Here's a picture of our new puppy. He's a rescue puppy, we are trying to figure out what breeds are in him. People have said shepherd, collie, husky and malamute. Any ideas?

He's 3 months old in the first picture and 4 months in the second. He's very fluffy and his paws are massive!!!


----------



## luvmyfurballs (Mar 5, 2012)

Very different looking dog--in a good way!!! I would think possibly some Chow?


----------



## Poria (Mar 9, 2012)

i saw a dog like this was husky/shepherd


----------



## Tazor (Mar 5, 2012)

The coat reminds me of chow..any black on his tongue? In any case, i eould guess malamute/chow.


----------



## luvmyfurballs (Mar 5, 2012)

Tazor said:


> The coat reminds me of chow..any black on his tongue? In any case, i eould guess malamute/chow.

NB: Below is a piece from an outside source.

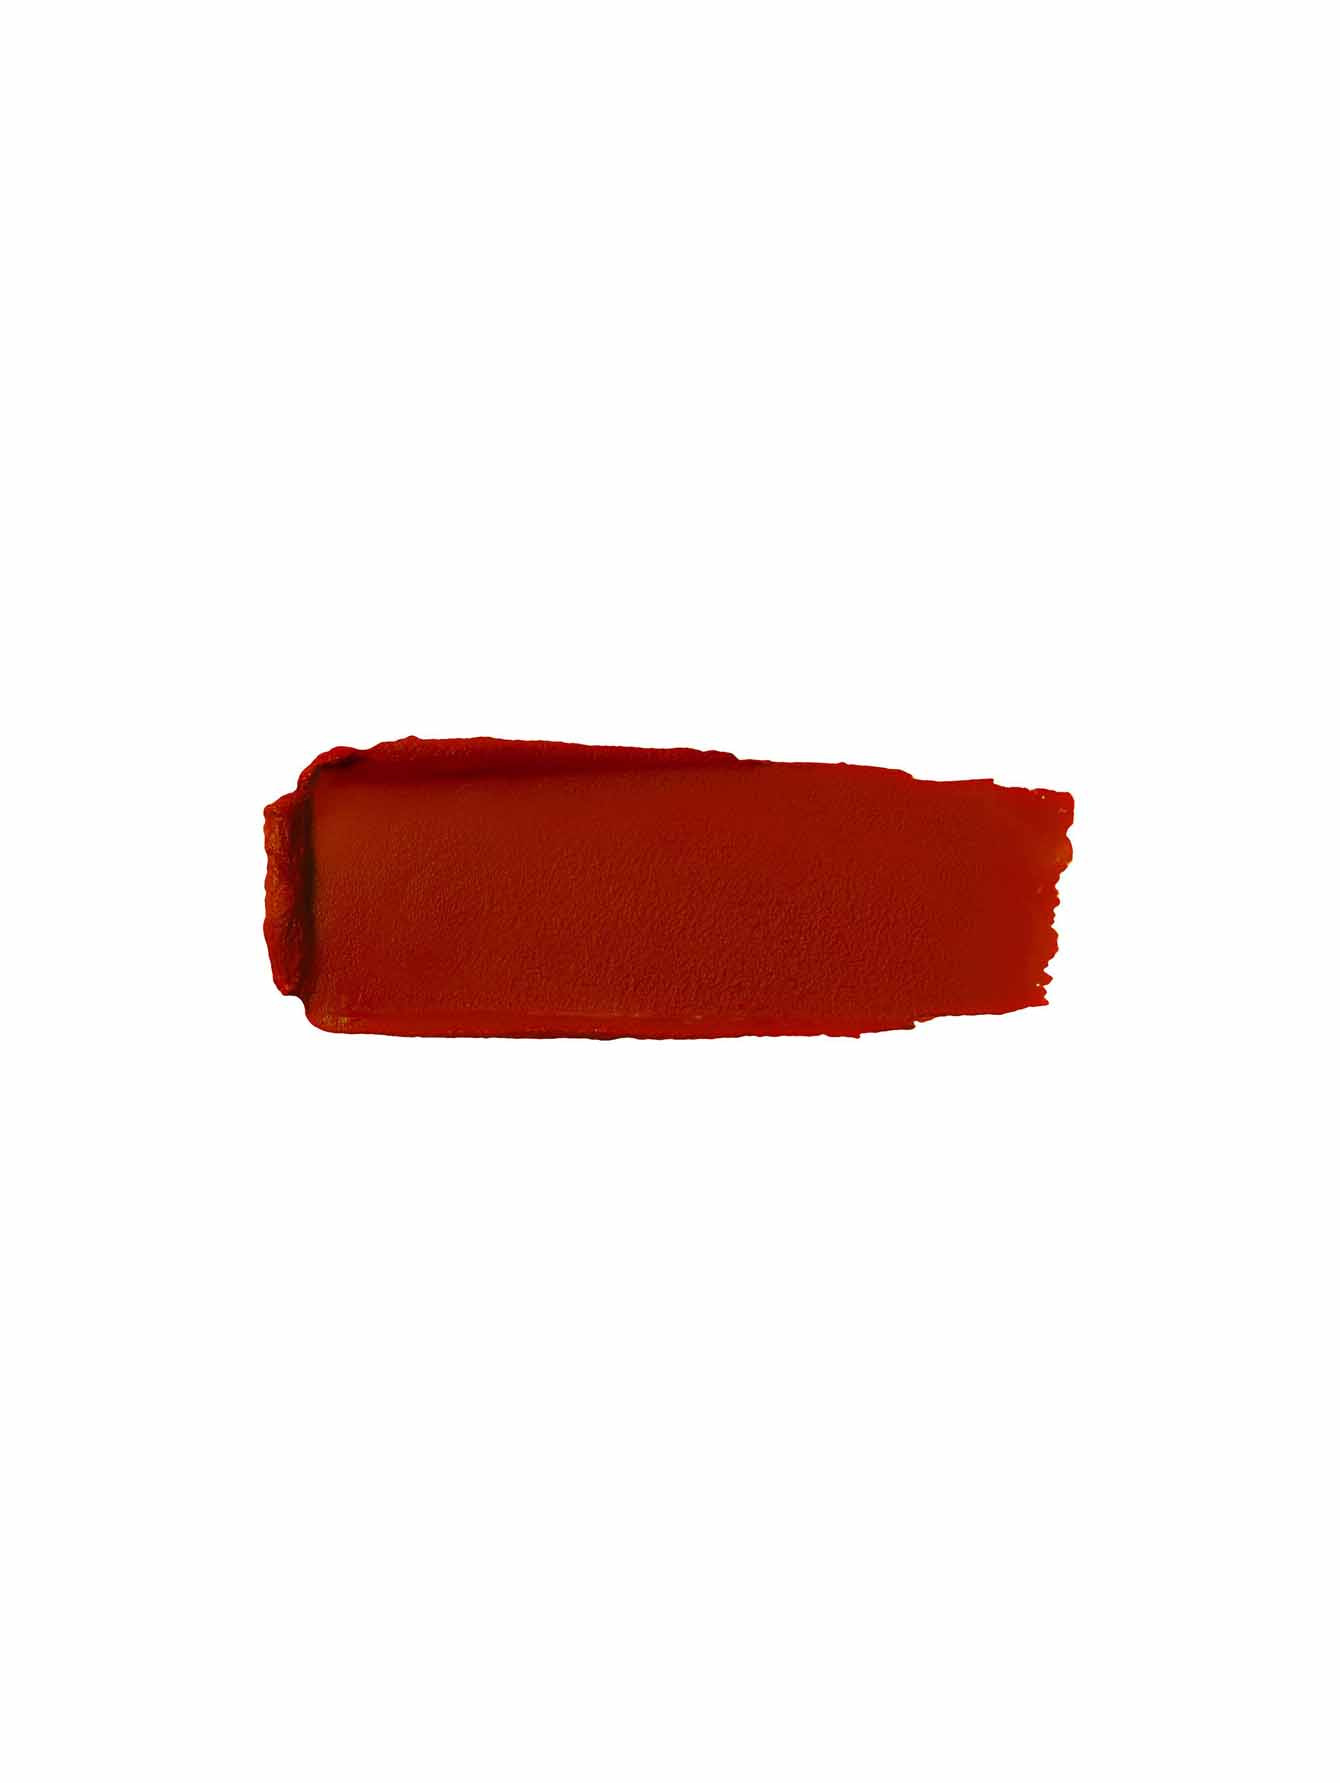 Губная помада Rouge G, №1830 Огненный красный, 3,5 г - Обтравка1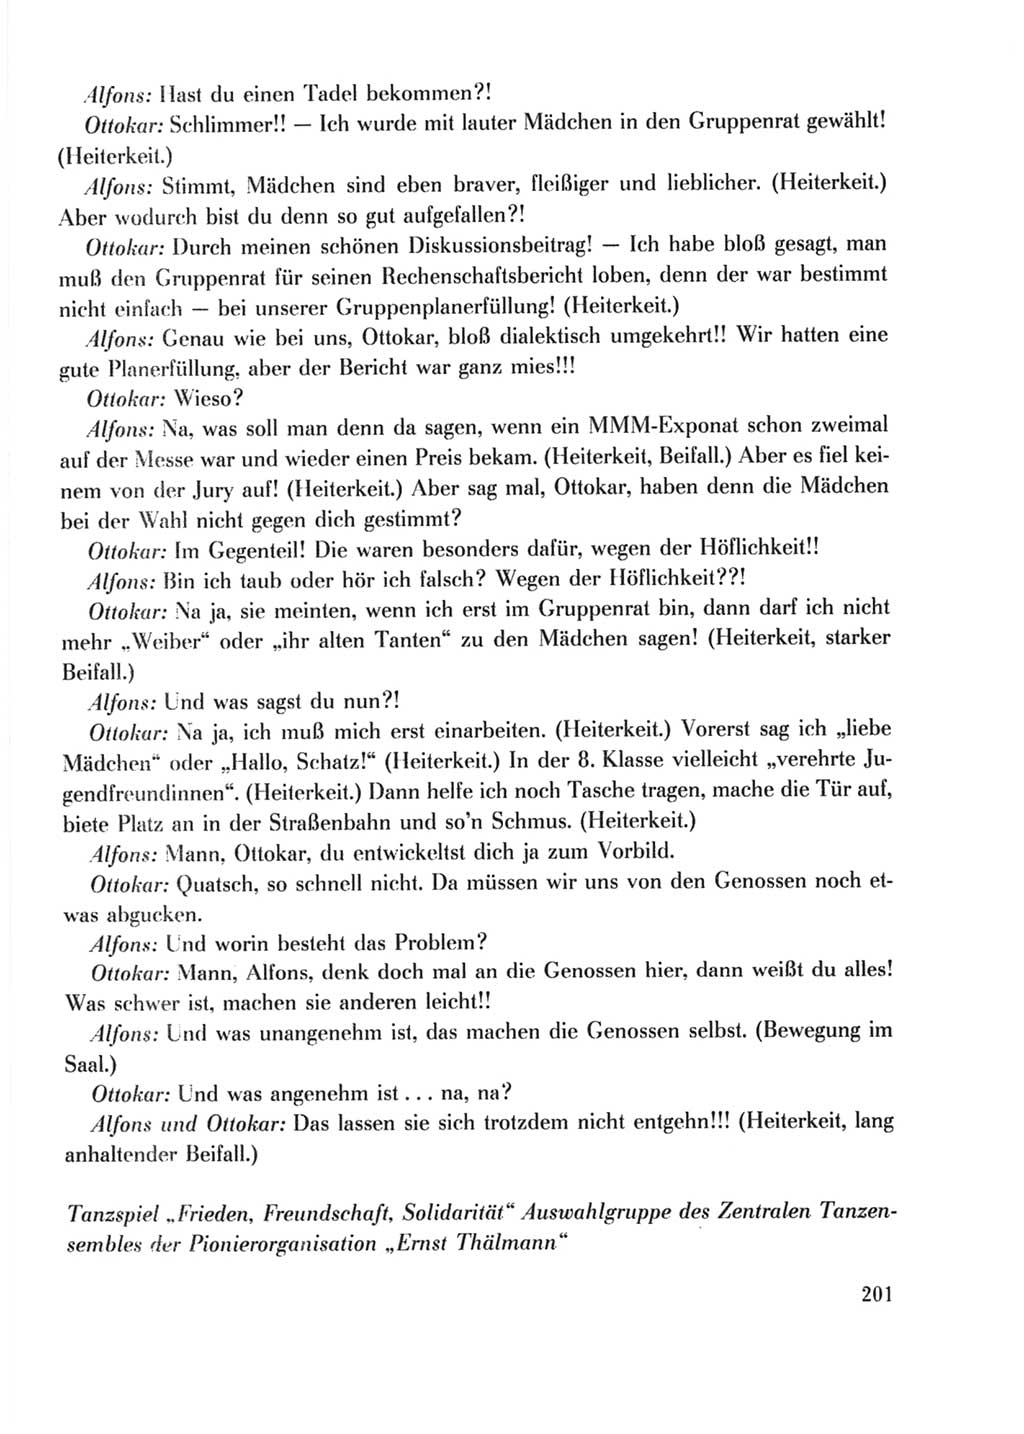 Protokoll der Verhandlungen des Ⅹ. Parteitages der Sozialistischen Einheitspartei Deutschlands (SED) [Deutsche Demokratische Republik (DDR)] 1981, Band 2, Seite 201 (Prot. Verh. Ⅹ. PT SED DDR 1981, Bd. 2, S. 201)

I think its the ears that remind me of chow...I looked up a picture of a chow and the ears are almost exactly the same!!


----------



## Sibe (Nov 21, 2010)

The ears make me think Chow too, but they're more upright in the second pic. I think husky or malamute with the face markings too. He's very cute!


----------



## malamutelove (Dec 6, 2010)

he has a little bit of maggie's markings!


----------



## KaywinnitLee (Jan 1, 2012)

His markings look husky and his coat/coloring looks shepherd...I do not really see any chow in him. He's adorable!


----------



## luv2byte (Oct 21, 2009)

Malamute/shepherd?


----------



## sassafras (Jun 22, 2010)

luv2byte said:


> Malamute/shepherd?


That would be my guess, too. It will be interesting to see what he looks like as he matures and how big he gets.


----------



## Donna5503 (Mar 13, 2009)

Newfoundland & Husky.....he is sooooooooo adorable! Congratulations!


----------



## luv mi pets (Feb 5, 2012)

I saw a dog like him today. That dog was a finnish lapphund. Some of them have similar markings. How much does he weigh?


----------